Sun Jul 8 06:38:52 CEST 2012

Hi all,

As you know, I'm currently working on an encoder for 3GPP
timed text. The actual encoder itself is straight forward;
the much harder question is muxing, and there are two
challenges.

1) As mp4 doesn't store duration, the end of a subtitle is
represented by an empty subtitle, unless it is intended to
remain visible until the next real subtitle appears.

2) A fully conforming file always as a sample at pts==0. For
subtitles, which hardly ever have anything at pts==0, this
means there's usually an empty subtitle at pts==0.

This means that we do not have a 1:1 relationship between
samples passed into the decoder and samples written to the
file by the muxer. Somewhere in the middle, we need to generate
the empty subtitles we need to mux correctly.
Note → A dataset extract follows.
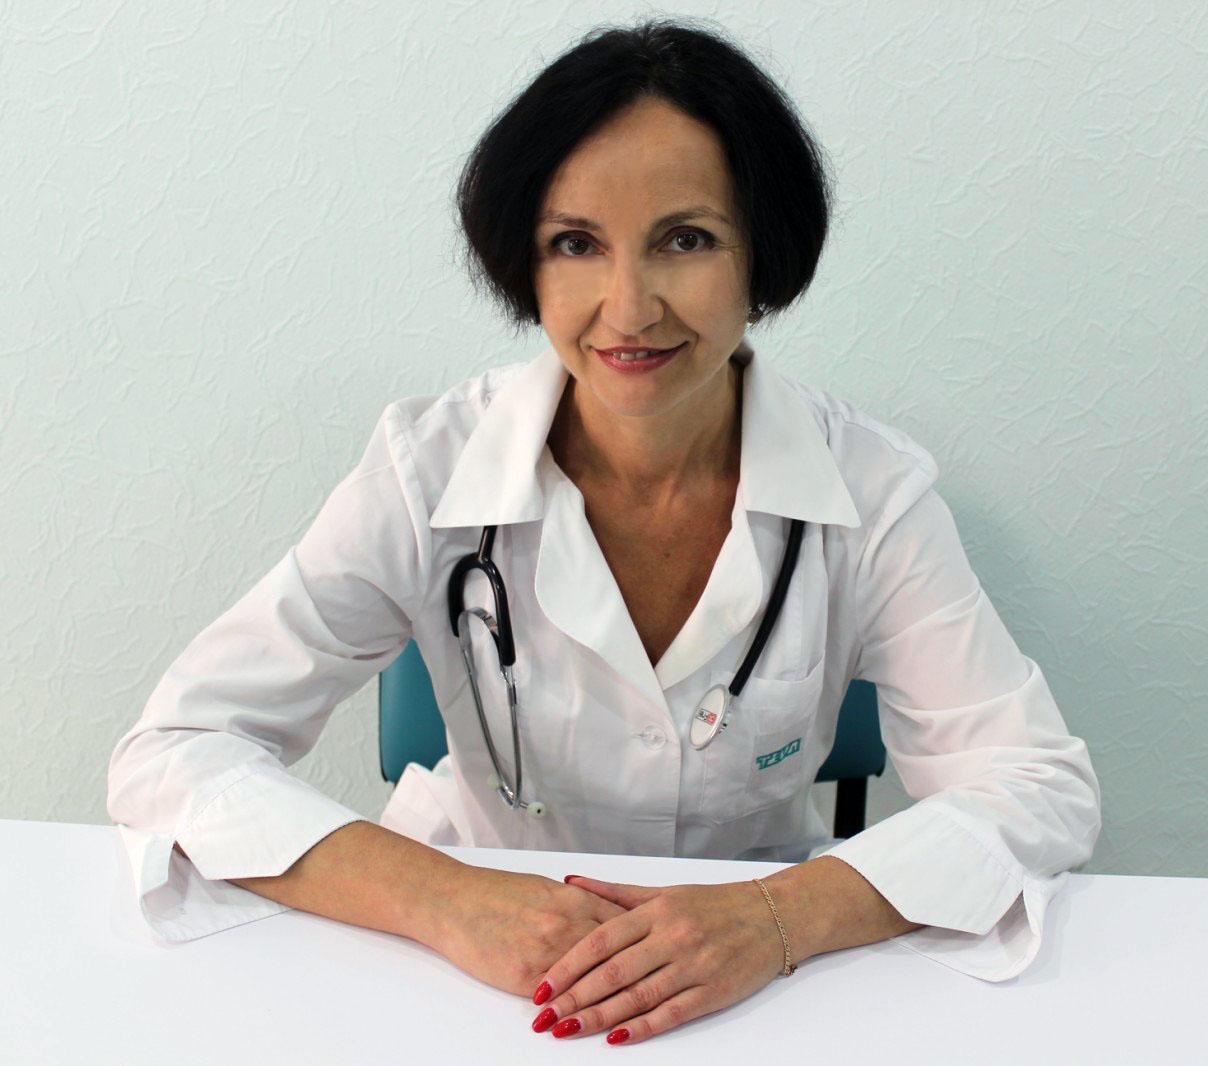 Лікар-кардіолог

The current code I have in my tree for this is sub-optimal, and
it does the following:

1) When the first sample is seen, and pts != 0, write an empty
subtitle at pts == 0 before the first real subtitle. This sucks
because it could mean the first subtitle sample is many minutes
into the stream, which will lead to buffering problems on playback.

2) After a real sample is written, write another empty sample to
mark the duration. To try and avoid non-monotonically increasing
pts, the pts of the empty sample is (pts + duration - 10). This
is shitty, and doesn't always work due to rounding. Ideal, we would
know if the next subtitle is set to appear immediately after the
current subtitle and then decide whether to generate an empty
subtitle or not.

In both cases, what we really want to know is information about
the next sample, but how do we get it? In general, it is not
possible to fully extract the subtitle stream, as the source
may not be seekable, but I feel this is the only available option.
To add to the inconvenience, I think this has to be a demux-side
behaviour, as I can't see a way that the muxer can transparently
buffer the whole subtitle stream if it can't control the order or
interleave of incoming packets.

Existing tools that support muxing timed text all work by fully
extracting the source subtitles before attempting to mux the
output file.

I'd love to hear any thoughts or ideas you had about this.

Thanks,

--phil

--phil